Umstellen muss Nagelsmann. Ein viertes Mal wird es nicht die gleiche Aufstellung geben können. Jonathan Tah fehlt in Dortmund wegen seiner zweiten Gelben Karte im Turnier. Unberechtigt fand Nagelsmann diese nach dem Einsteigen des Leverkuseners gegen Breel Embolo. Das nützt nichts. Wer ersetzt also Tah? Nico Schlotterbeck durfte gegen die Schweiz Minuten sammeln. Waldemar Anton sei auch ein Kandidat.

Eventuell muss Nagelsmann aber sowohl den Dortmunder Schlotterbeck als auch seinen möglicherweise künftigen Club-Kollegen Anton aufbieten. Der Grund: Antonio Rüdiger plagten sichtbar Schmerzen. «Er hat ein Problem im Oberschenkel. Ich kann es noch nicht sagen», berichtete der Bundestrainer. Ein Ausfall der kompletten Innenverteidigung wäre ein harter Schlag.

Der Planungs-Faktor

Einen Wunschgegner gibt es nicht für das Achtelfinale. Klaro, selbst wenn, würde Nagelsmann den niemals nennen. «Das Gesetz des Turniers ist es, dass die Gegner besser werden», sprach der Bundestrainer eher kryptisch über die Optionen England, Dänemark, Slowenien und Serbien. «Ich finde alle vier Gegner unbequem. Ich hätte mit einer klareren Verteilung der Punkte gerechnet», sagte er zur Situation in der Gruppe C.

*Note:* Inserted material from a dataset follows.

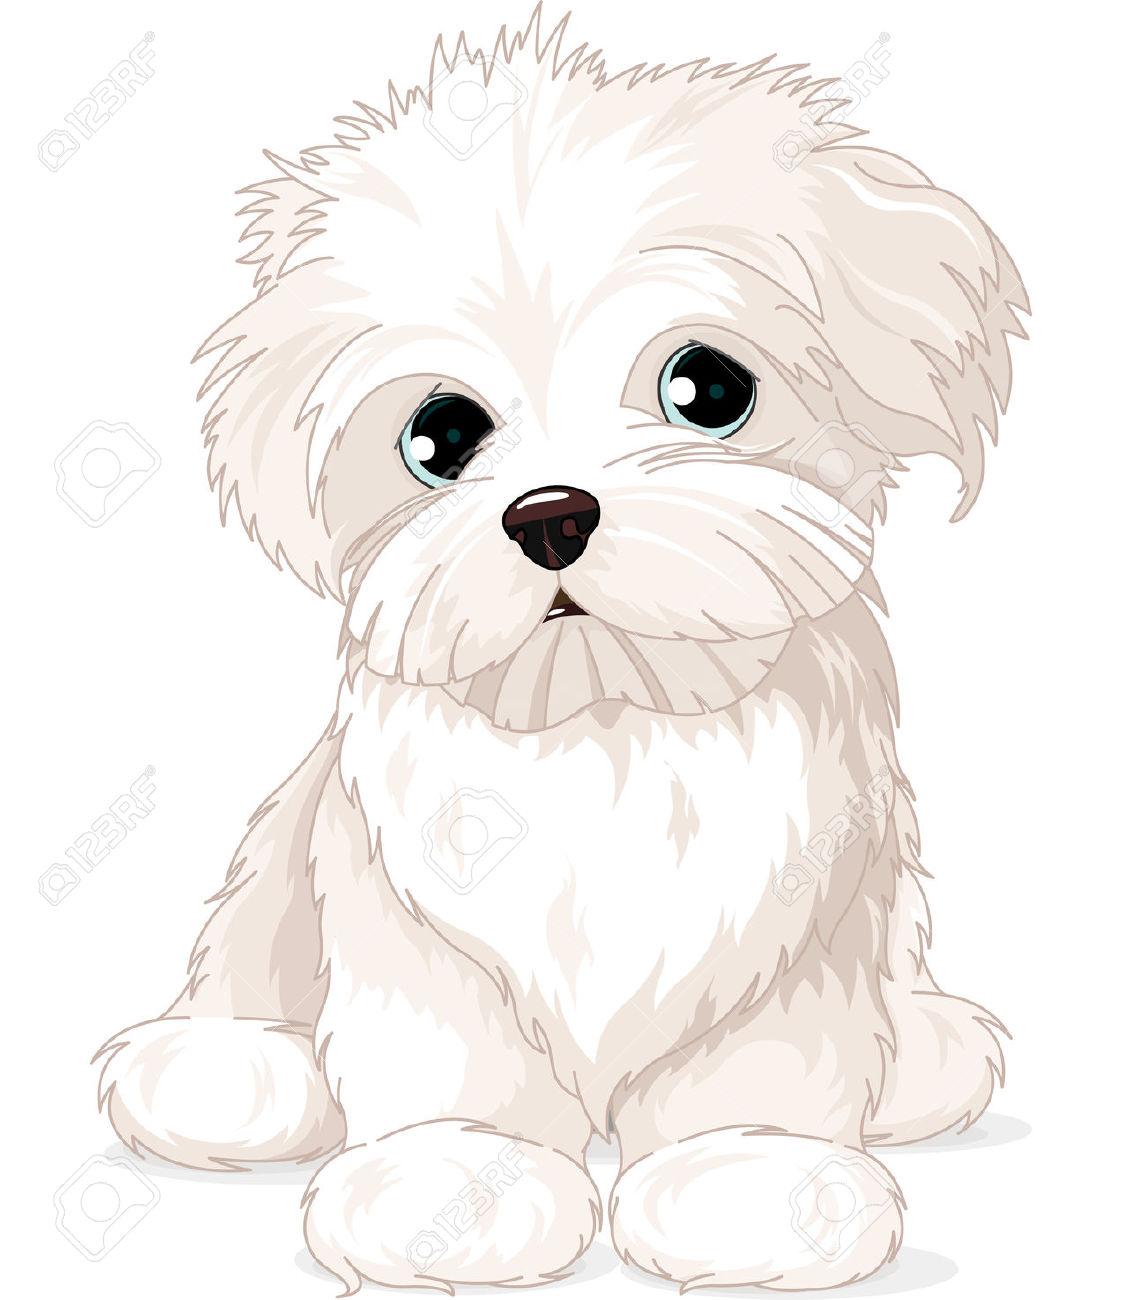 maltese clipart clipground maltese flag clipart maltese poodle clipart

Das Problem: Nagelsmann weiß erst am Dienstagabend, wer der Kontrahent sein wird. Das erschwert die Planung. Videos müssen geschnitten, Analysen gemacht werden. Schon am Mittwoch will Nagelsmann am für ihn wichtigsten Trainingstag seinen Spielern eine Taktik darlegen. «Die ganze Nacht» müssen seine Analysten also das Material vorbereiten.

In die Woche startet Nagelmann eher im Slow-Down-Modus. Heute gibt es das übliche Spielersatztraining für die Reservisten, am Dienstag haben alle frei. Ausgang aus dem Home Ground in Herzogenaurach bedeutet das aber nicht.